So I am aiming to derive the continuity equation using the fact that phase space points are not created/destroyed.

So I am going to use the Leibiniz rule for integration extended to 3-d:

## d/dt \int\limits_{v(t)} F dv = \int\limits_{v(t)} \frac{\partial F}{\partial t} dV + \int\limits_{A(t)} F \vec{u_{A}}.\vec{n} dA ##,

##\vec{n}## the normal unit vector, where ##F=F(x_{1},x_{2},x_{3},t) ##

##\vec{u_{A}} ## is the surface velocity.

So let ##N_{D}## denote the number of phase points in a volume element ##D##, ##N## the total number of phase points.
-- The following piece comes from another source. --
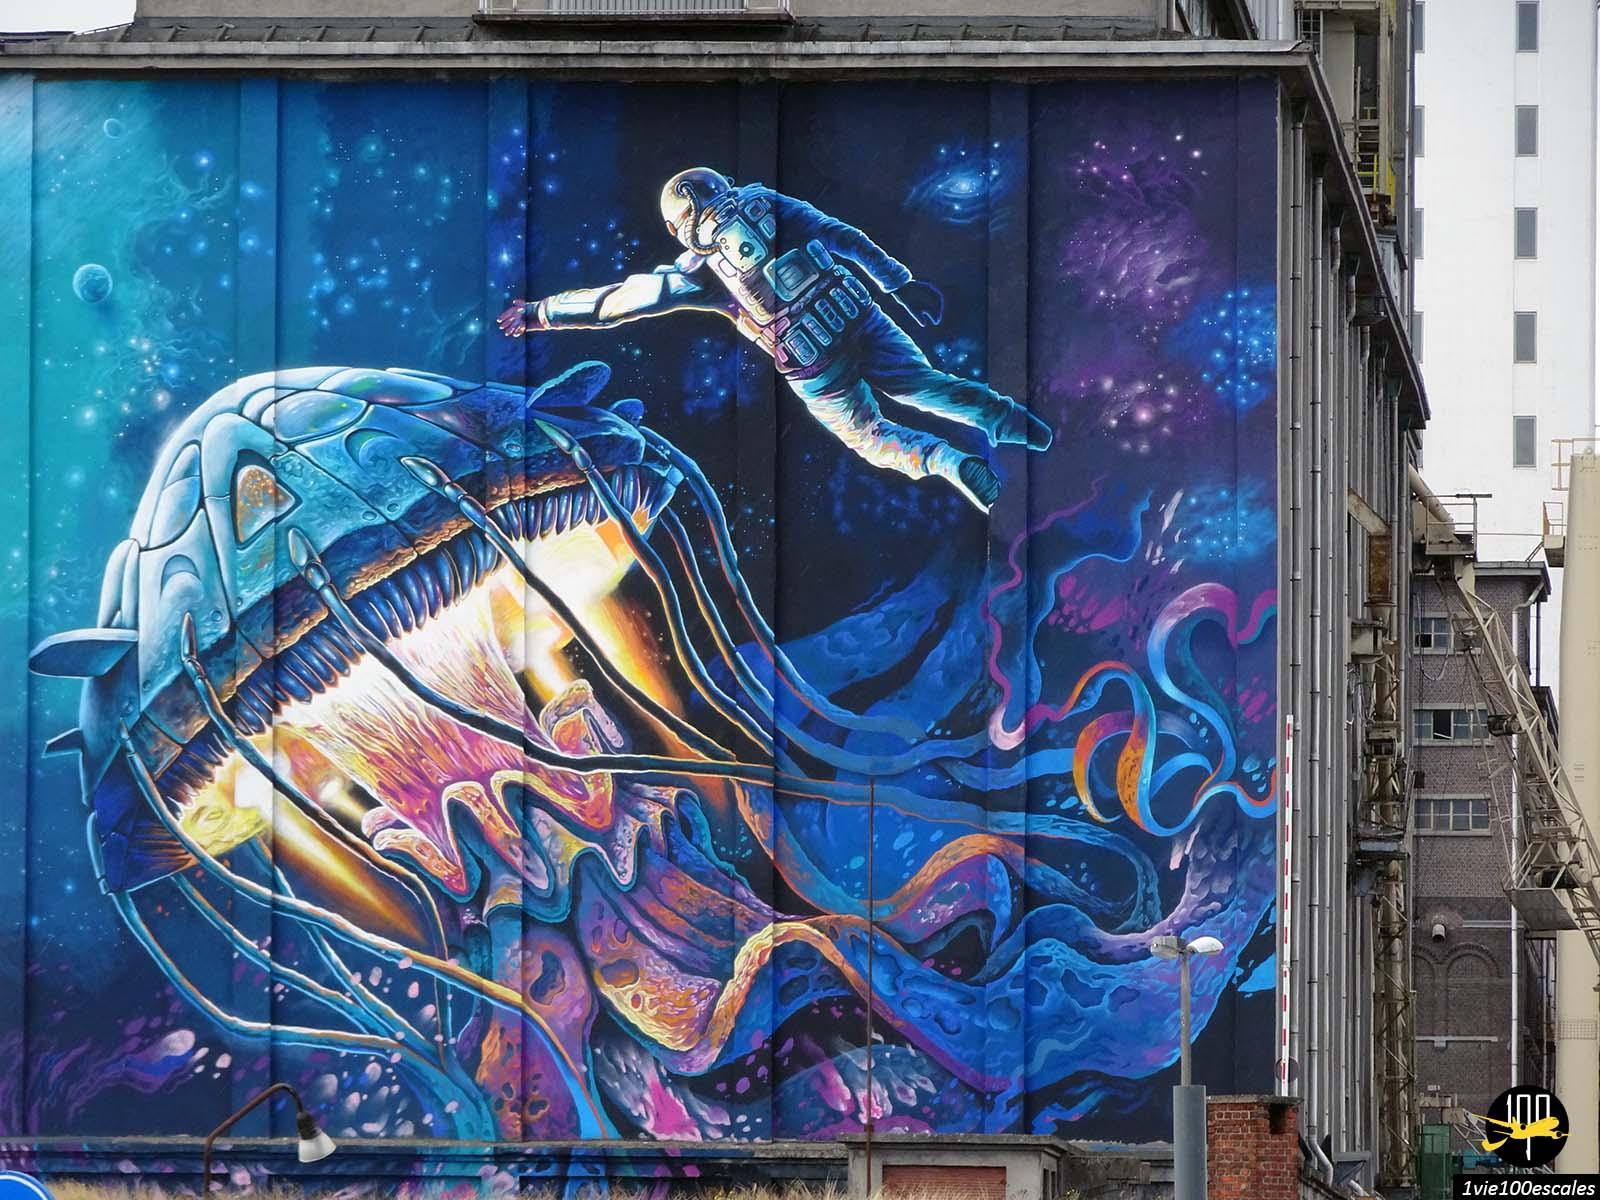 Le street art sur les murs des usines du port d'Anvers

Conservation of phase points =>

## \frac{d}{dt} N_{D}(t) =0 ##

## = - N \frac{d}{dt} \int\limits_{D} dp dq \rho (p,q,t) ##

where ##\rho = \rho (p,q,t) ## is the density of function.

So by Leibniz rule above I get a term describing the change due to the changing surface of ##A## - ## \partial D ## here

## = - N \int\limits_{\partial D} \rho \vec{V}.\vec{n} d\sigma ##, which is fine ,

where ##\vec{V}## is the velocityMY QUESTION:

The corresponding term to ##\int\limits_{v(t)} \frac{\partial F}{\partial t} dV ## is zero here.

I.e the contribution due to the change of ##\rho## within ##V##. I'm just having a little trouble understanding this conceptually... so my book states that:

"Since phase points cannot be created the only way that phase points can be added or subtracted from the volume V is to flow across its boundary, S. "

That's fine, and seems to make sense to me. But, if points are flowing across the boundary then surely the number inside V is changing. So looking at

## \int\limits_{v(t)} \frac{\partial \rho}{\partial t} dV ##,

##\frac{\partial \rho}{\partial t} \neq 0 ## if there is either a change in the number of phase points or a change in the volume, doesn't saying that the number is changing across the surface => number is changing within the volume and so ##\neq 0 ## for a given volume due to the number of phase points changing?

( I am fine with the rest of the derivation just stuck in this step)

Many thanks in advance.